I promise not to sound like Great Aunt Betty and lecture you on writing a note to everyone for everything. I screw this up too. Sometimes I simply forget to write a note, other times I write it so late that I can barely remember what the gift was. I’m not proud of it, I know better. There are times when an email or a text will do. You and a friend have met for lunch and she picks up the tab as a late birthday treat. You later text, Thnks 4 2day. Had fun. I think that’s okay. If she brings you a present, she should get a thank you note.
If you receive a gift or check from grandma, send a thank you note! It is in your best interest to do so. Believe me, the senior generation already thinks that baby boomers are spoiled and their kids are inconsiderate. Let’s prove them wrong. If you are the grandchild that writes the note, you move to the top of the list. The gifts will keep on coming and your cousins won‘t get your share, besides you love grandma-make her day.
I try to write a note if I’ve gone to a party at someone’s home. I’m not talking about 4 people ordering pizza. I talking about a situation where the hostess has cleaned her house more than ever before, spent a month’s grocery budget on food and is about to drop over from exhaustion when people get there. Think how nice it is for her to get a note a few days later telling her how much you appreciated being included.
I never expect a thank you note from my kids, even though they no longer live at home. My daughter has on occasion surprised me with one anyway. I don’t expect them from my parents, but my mom is really good at note writing. If you live with the person, or they are immediate family, I think an in person thank you or a phone call is more than enough. Actually grandma might rather have a thank you phone call than a thank you note, you can be the judge of that.
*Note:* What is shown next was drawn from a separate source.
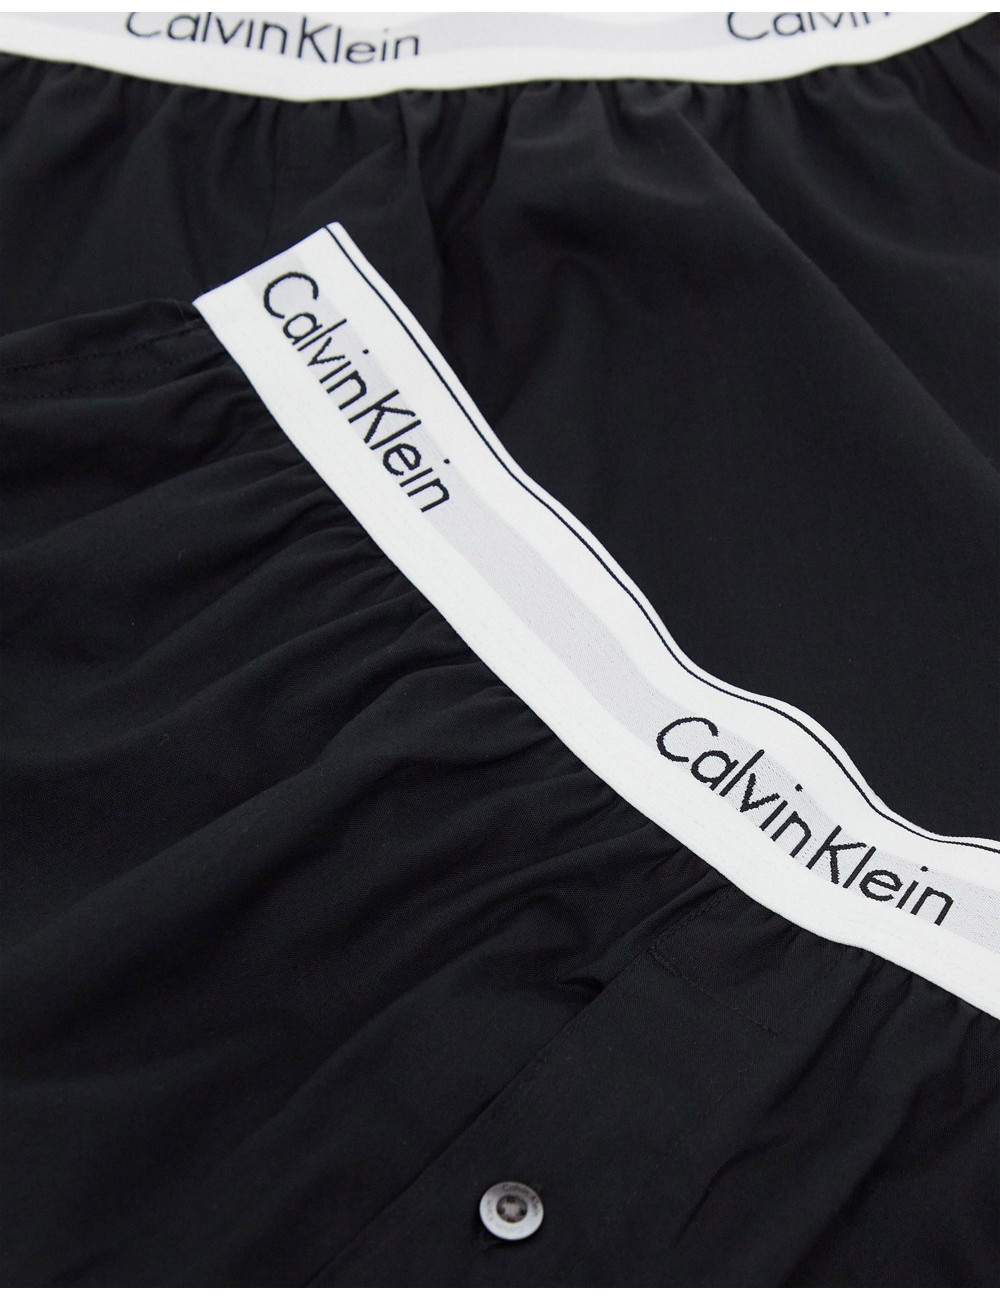 Calvin Klein 2 pack woven...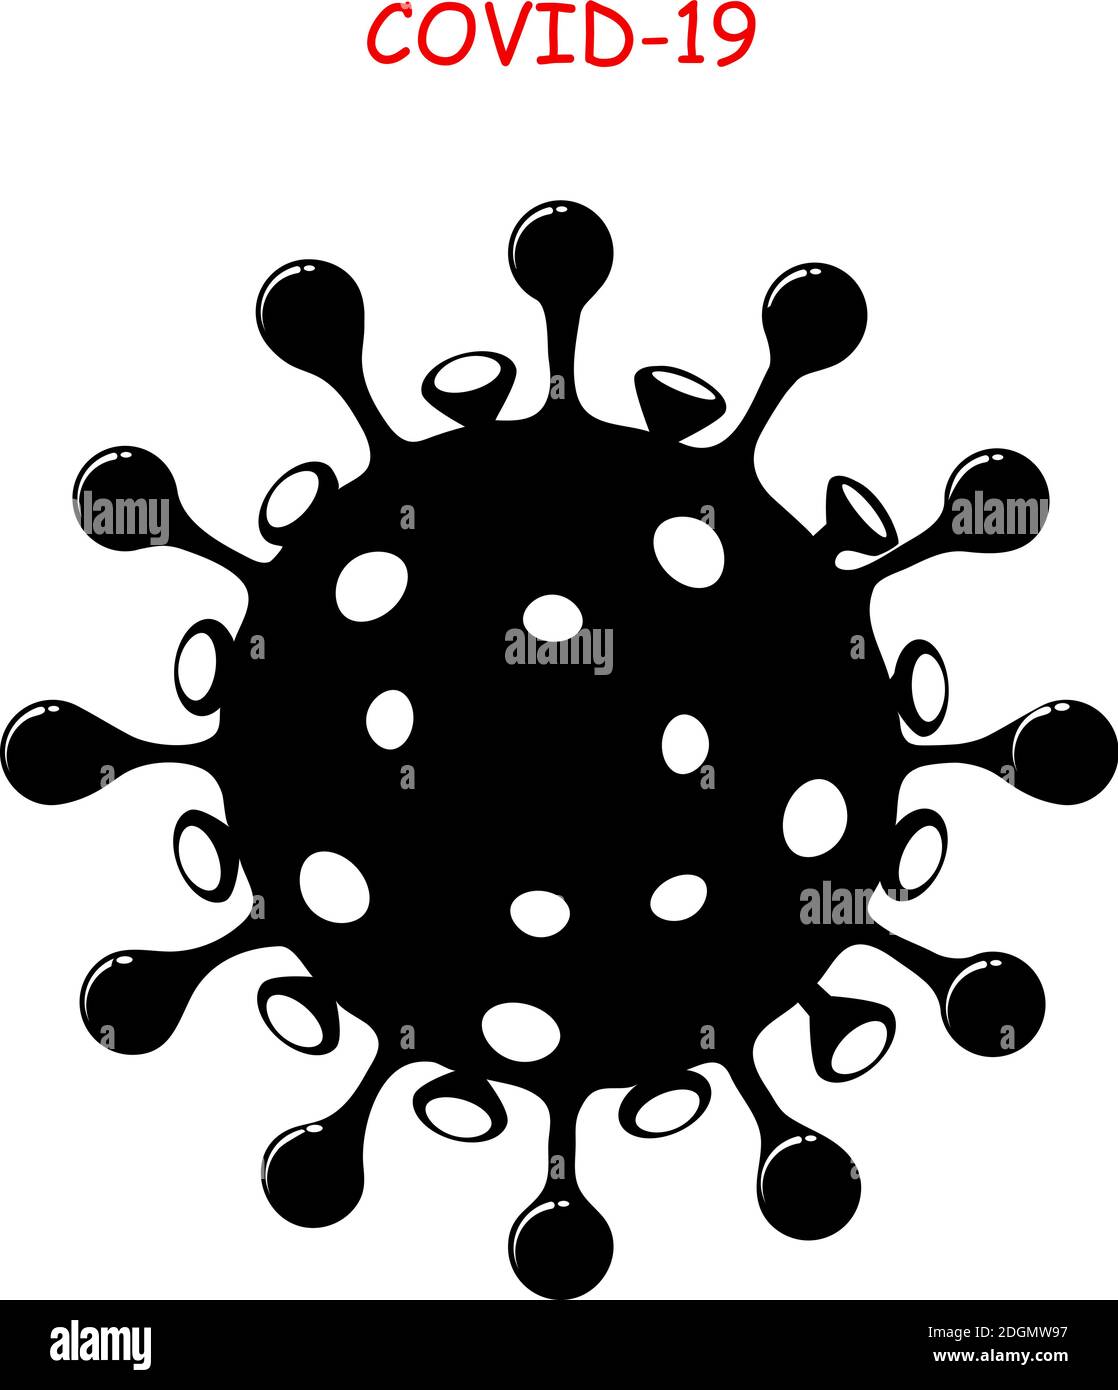 virus corona icon COVID-19. Coronavirus black symbol on white background. Isolated vector illustration. influenza or pneumonia pandemic. virion Stock Vector

Anytime there is gift given, someone has given their time and their money to think of you. Spending a couple minutes to let them know you appreciate it really isn’t too much to ask.
The process is quite simple. Pick up a package a note cards. They don’t have to say thank you on the front. All you need is to follow this format:
Thank you so much for the ear muffs. I have always loved royal blue plush and can’t wait to wear them on one of our chilly days here in Florida. I wish you could have been here for my party. I can’t wait until you come to visit. Thank you again for thinking of me.
Love, (or whatever-I suggest love for grandma)
thanks for the reminder - I need to round up some addresses for people that came to our Open House last weekend
flit-thanks for coming by. Sometimes we all need that little extra "push" to remember to write a note or two.
You made some good points. I would just note, though, that someone needs to show grandma how to send text messages and open email.
I read this yesterday and told the girls that we had to get a Thank You card for my friend who supplied us with awesome tickets. I know I should do this more often but I forget.
And, yeah, stamps? Who has those anymore?
Madison-I'm all for that! Actually, my parents can both email quite well. They don't text, because they know that their grandchildren would never give them a moment of peace. On the other hand, my in-laws can barely use the remote for the television and have no interest in learning. I text, but don't love it...but I do it all the time. I can't imagine not using a computer and I have no idea how we survived without them.
Sophie-it would be a nice thing to do, and if we don't teach the kids of today, it will simply be one of those nice things that fades away.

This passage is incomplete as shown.